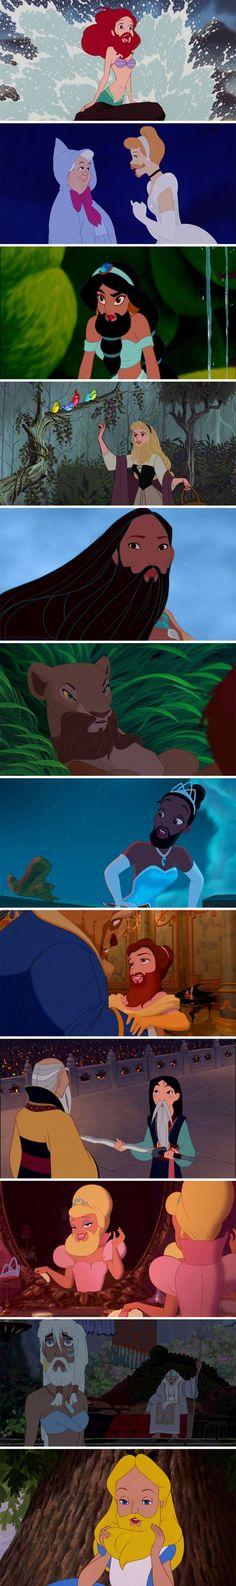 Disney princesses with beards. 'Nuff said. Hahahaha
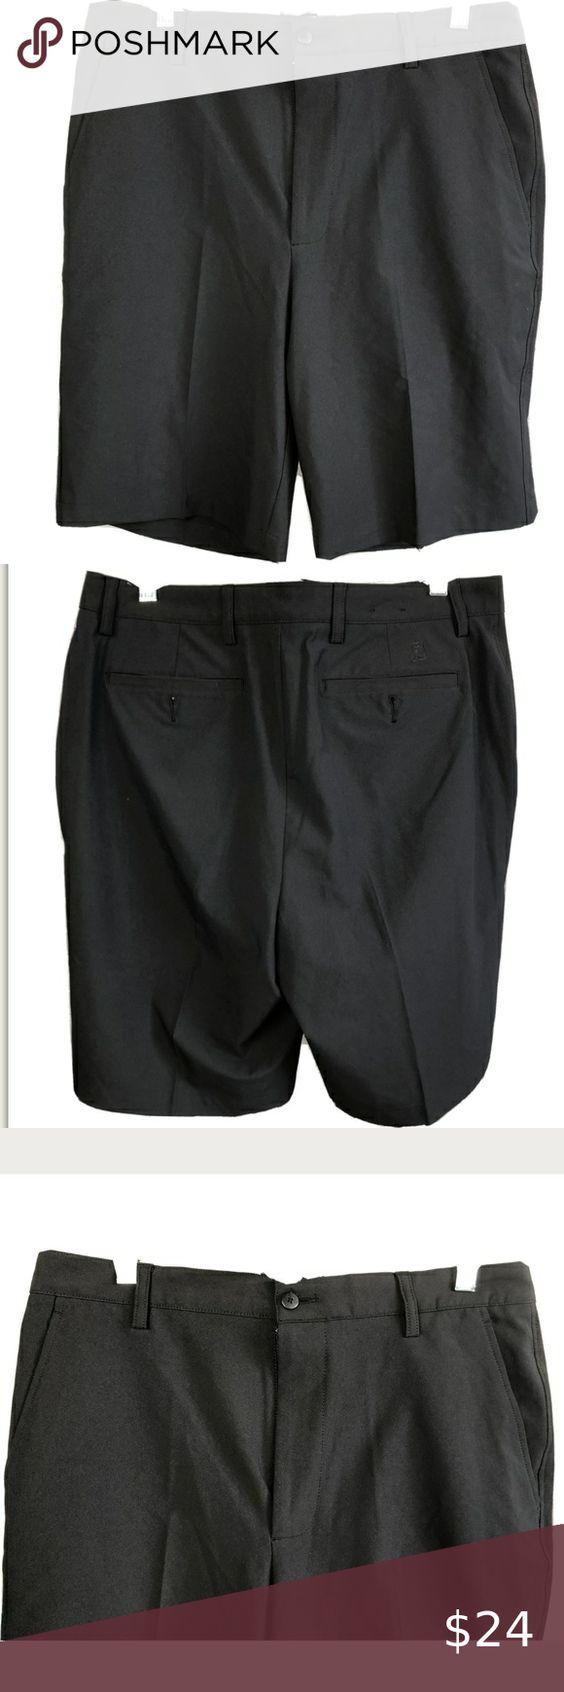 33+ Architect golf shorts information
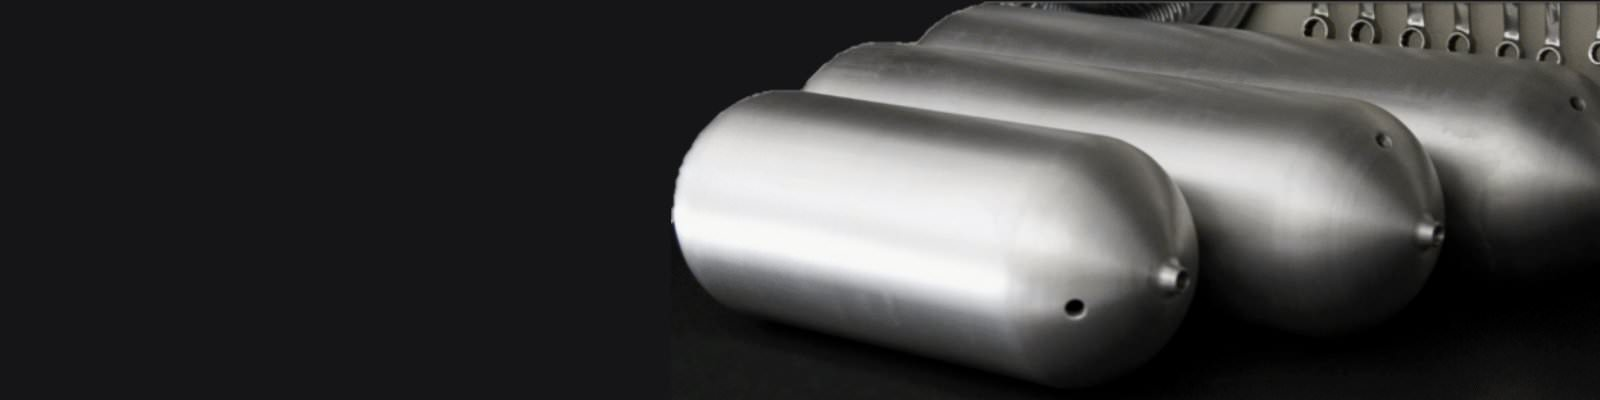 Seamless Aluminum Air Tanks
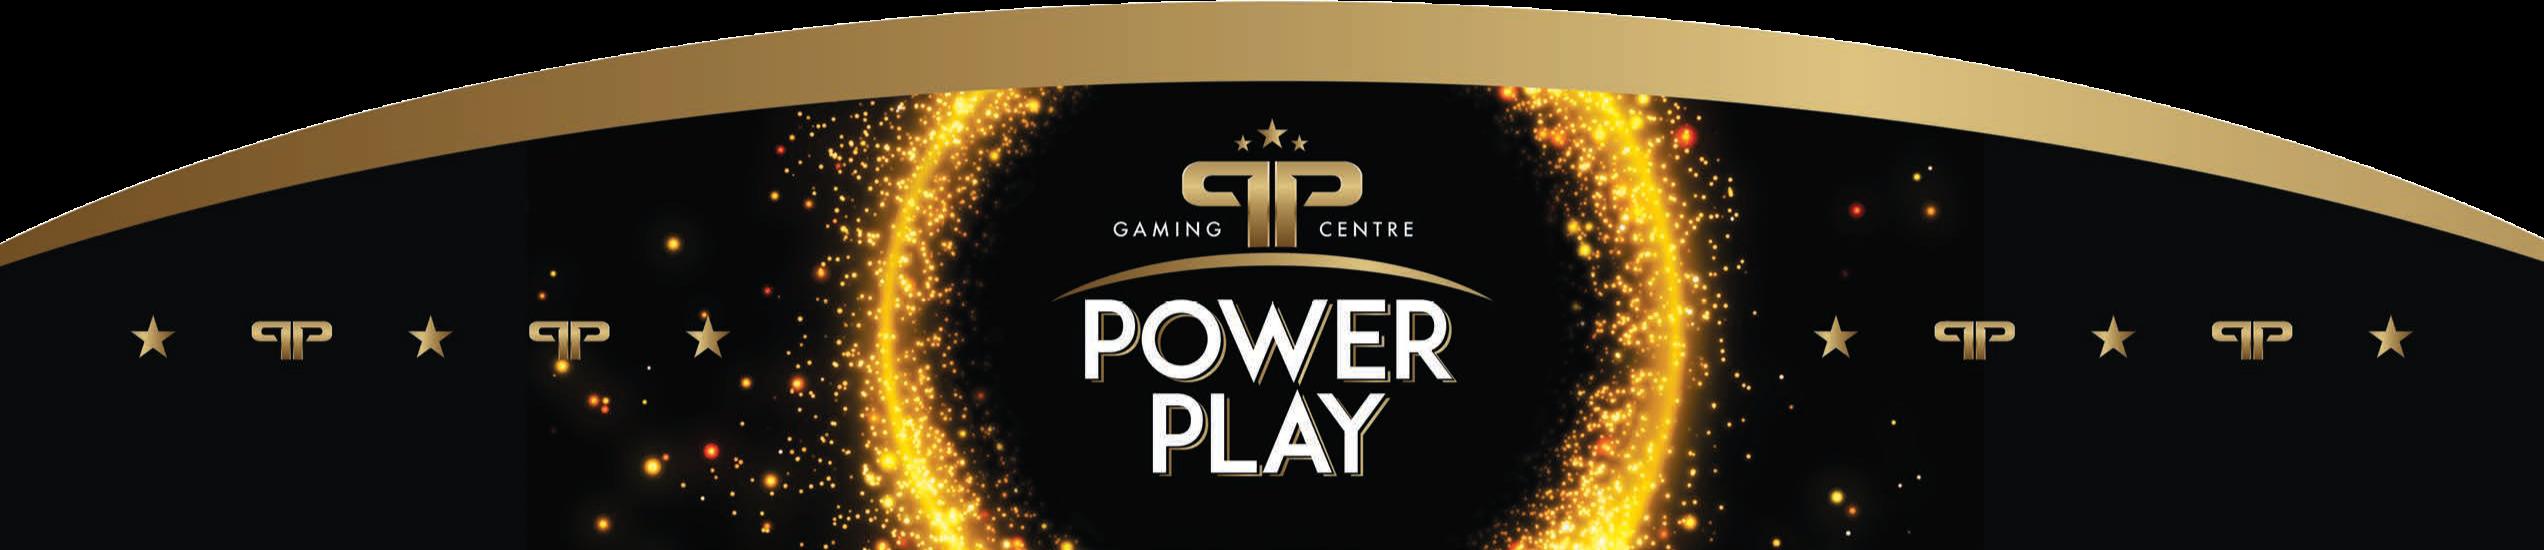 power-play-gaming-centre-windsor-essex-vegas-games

━━━

The images are to be left out; every line above should be set down exactly.

 Disney princesses with beards. 'Nuff said. Hahahaha
 33+ Architect golf shorts information
 Seamless Aluminum Air Tanks
 power-play-gaming-centre-windsor-essex-vegas-games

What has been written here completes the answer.